BEGIN Given information

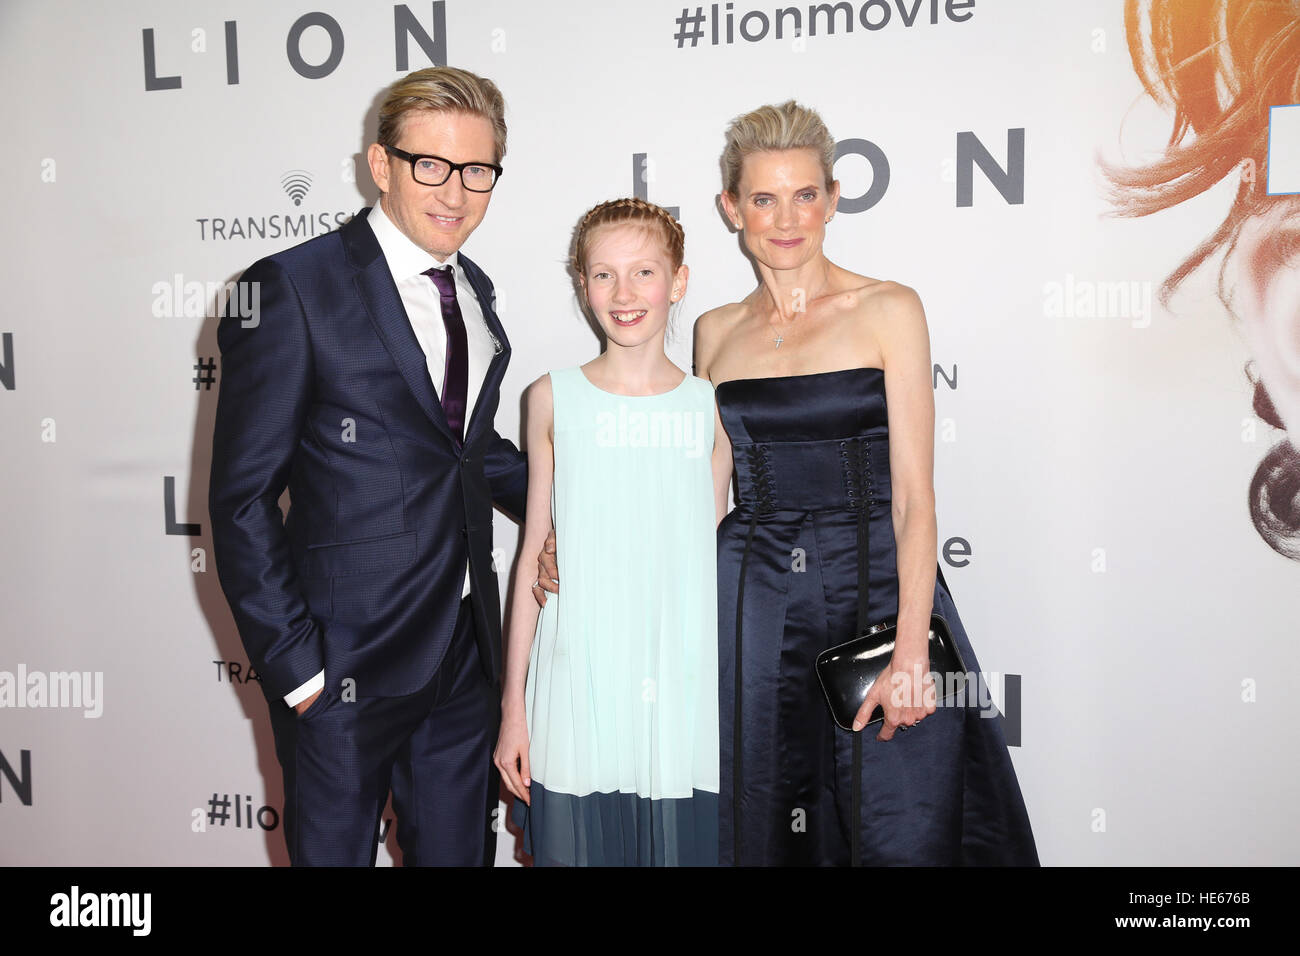 Sydney, Australia. 19 December 2016. Pictured: David Wenham, Kate Agnew,  Eliza Jane Wenham. The cast and crew of LION arrived on the red carpet for  the Australian premiere at the State Theatre
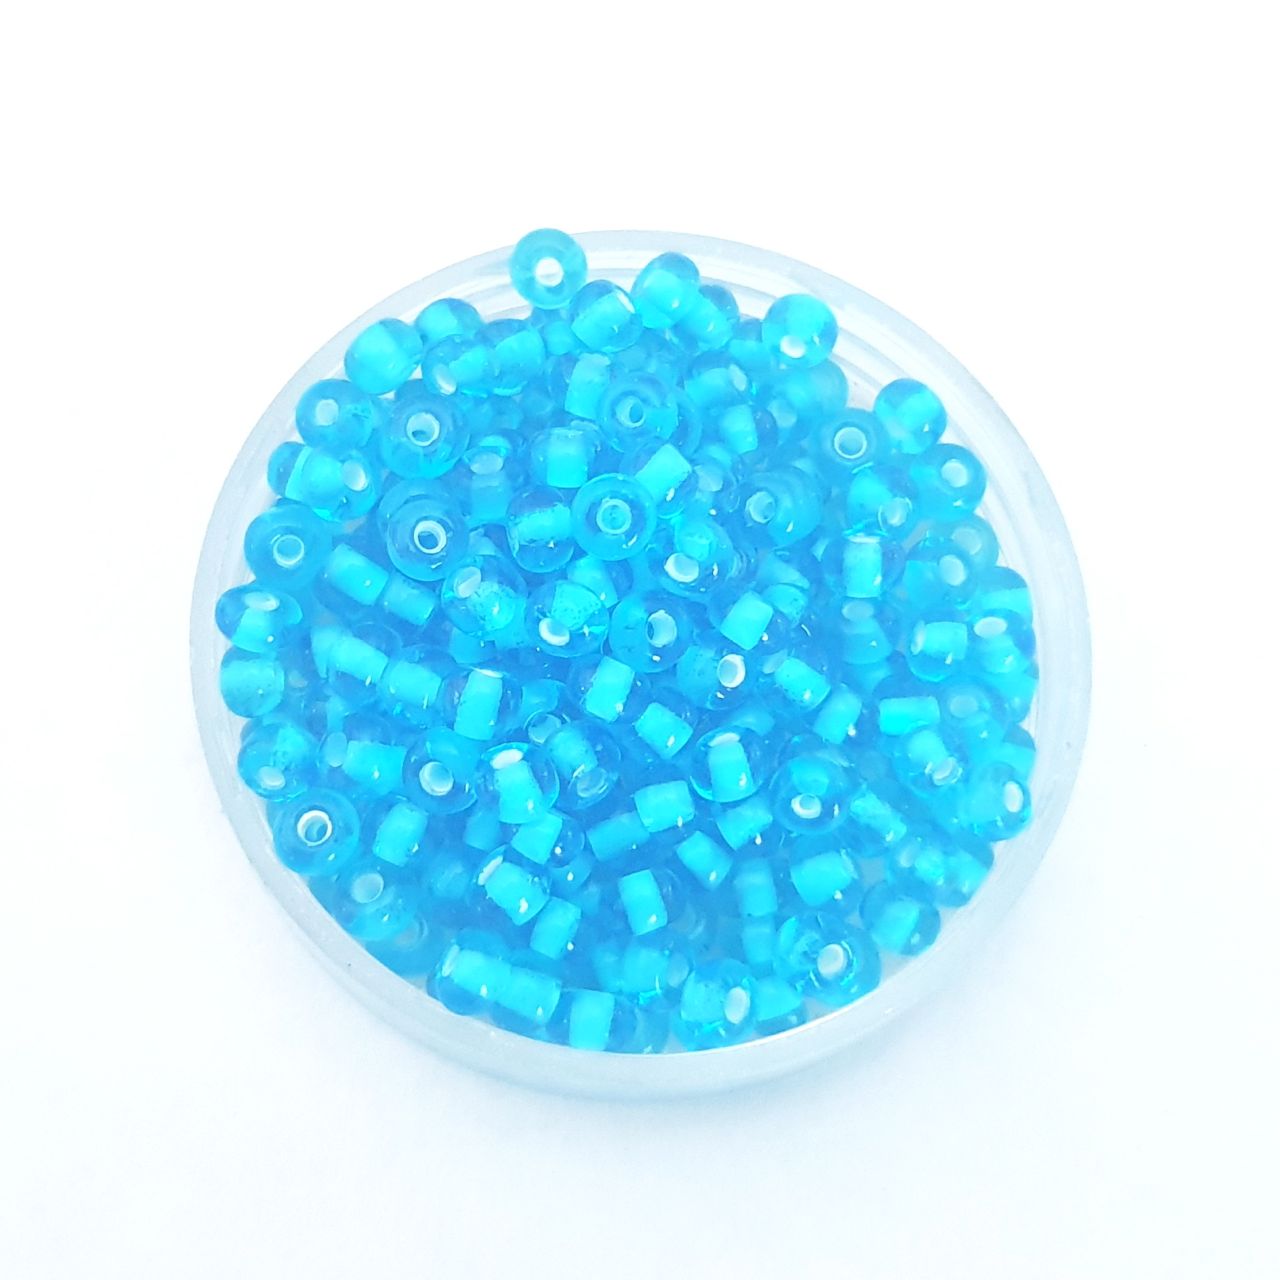 5 0 4.5mm Turquoise White Heart Czech Seed Bead
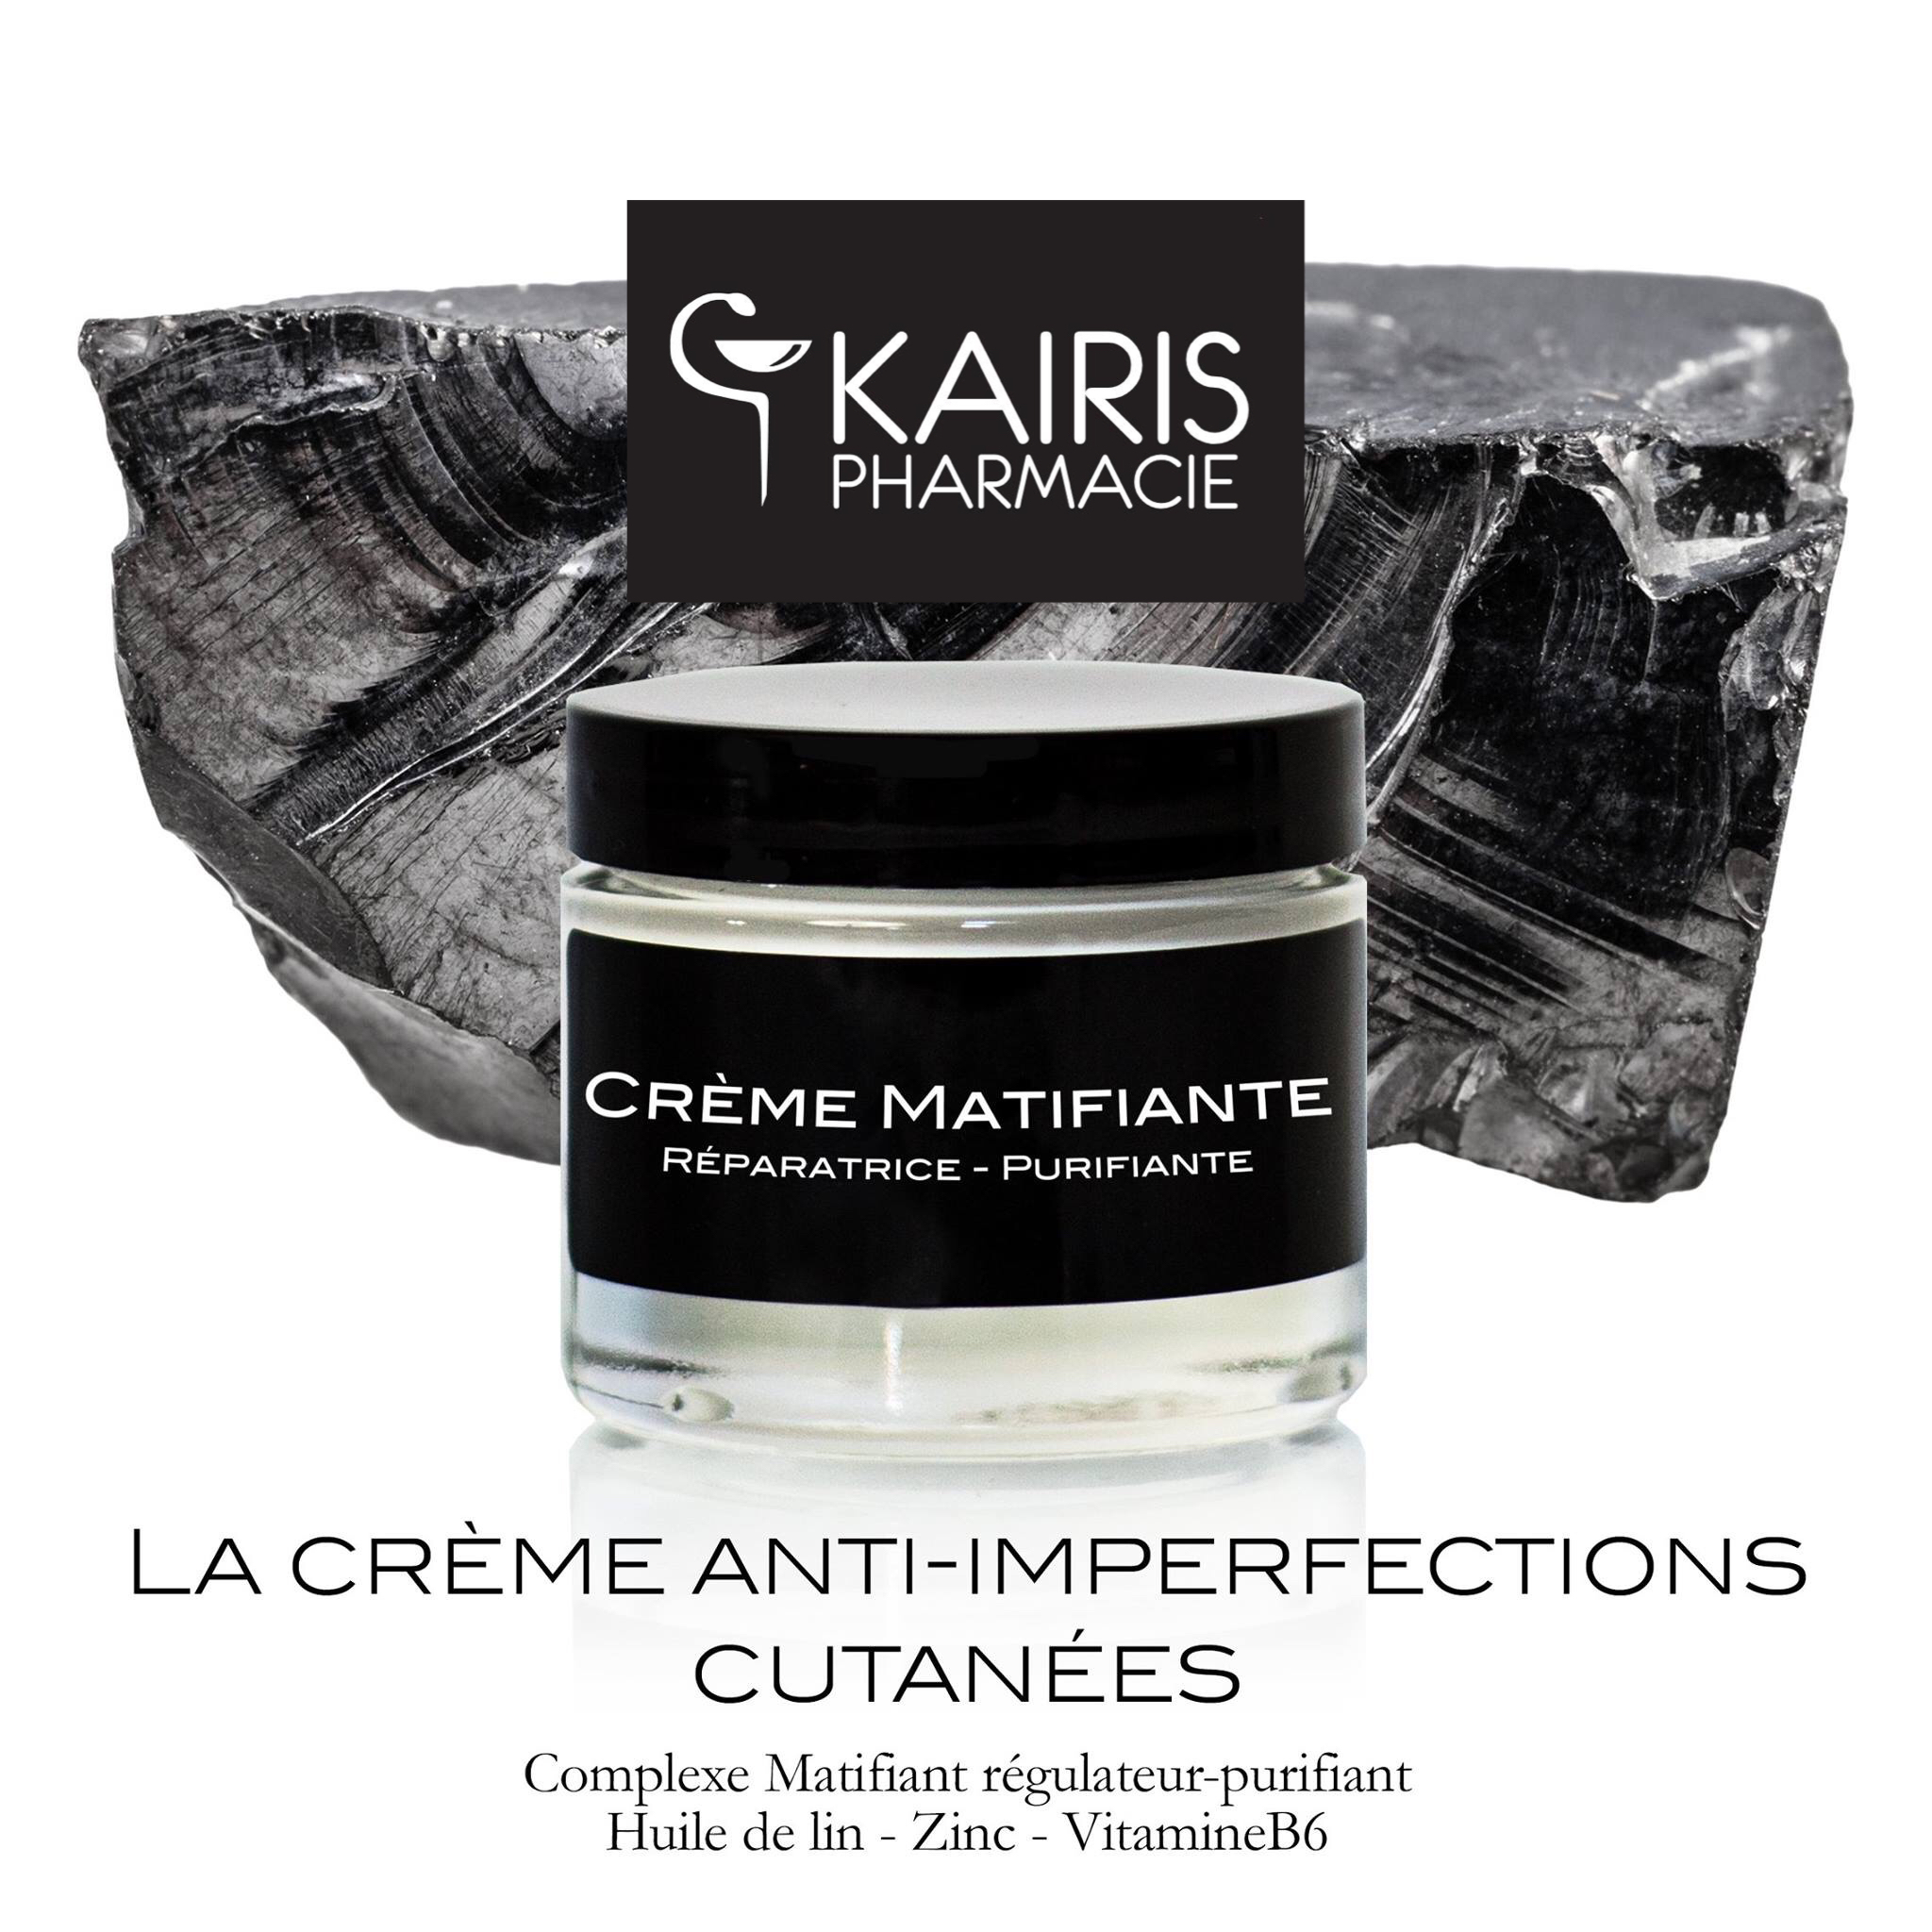 You are currently viewing La crème anti-imperfections cutanées
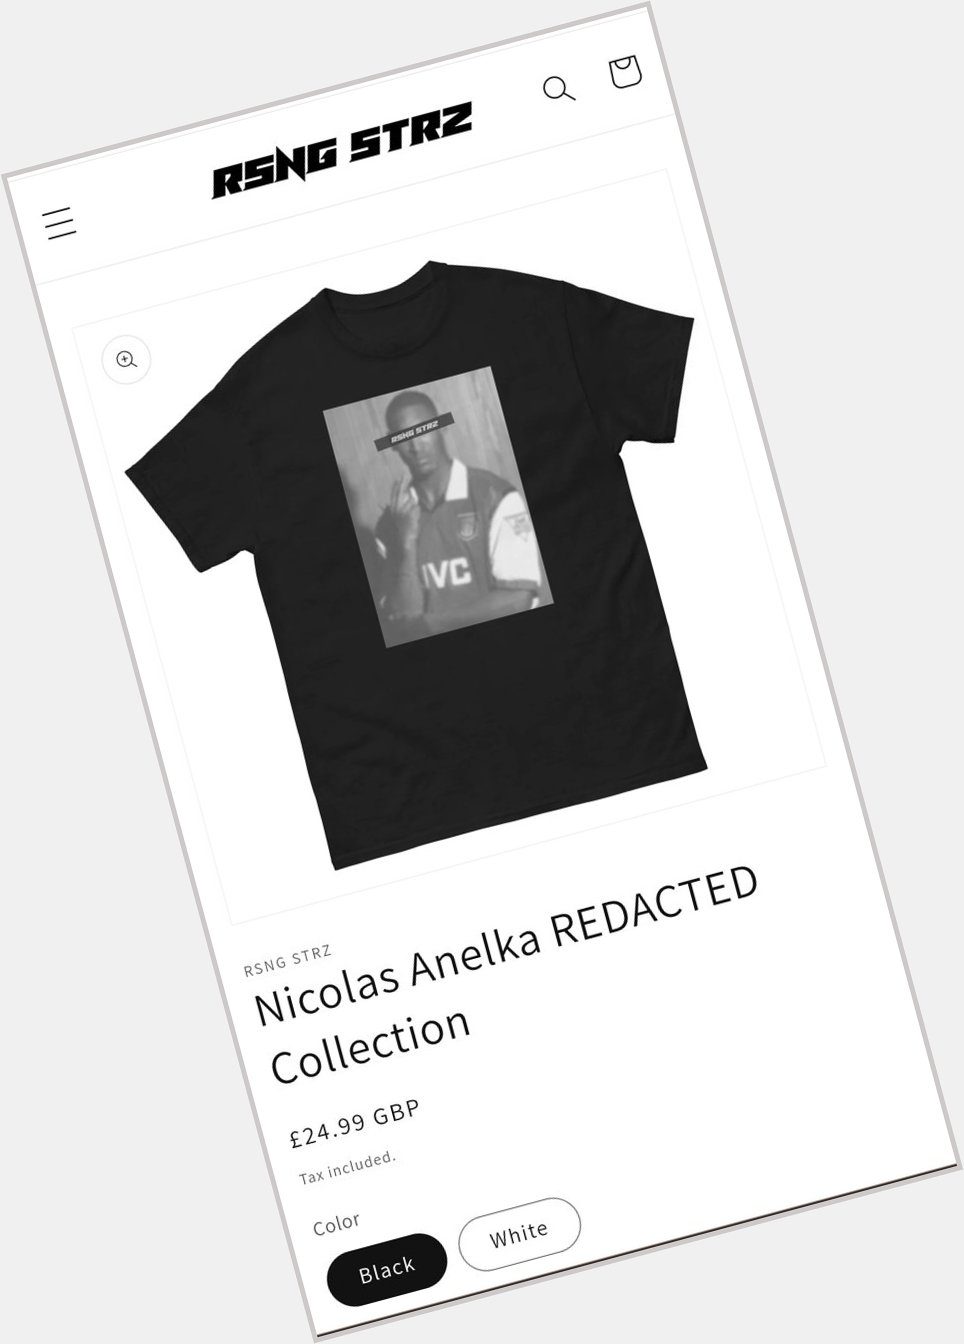 Happy birthday Nicolas Anelka!  Celebrate with a REDACTED Collection T, via this link;

END Given information

◆ What you need to do ◆
From the line containing "You are currently" through the final line of the listing above, reproduce every line exactly, with no pictures.

◆ Result of the exercise ◆
 You are currently viewing La crème anti-imperfections cutanées
 Happy birthday Nicolas Anelka!  Celebrate with a REDACTED Collection T, via this link;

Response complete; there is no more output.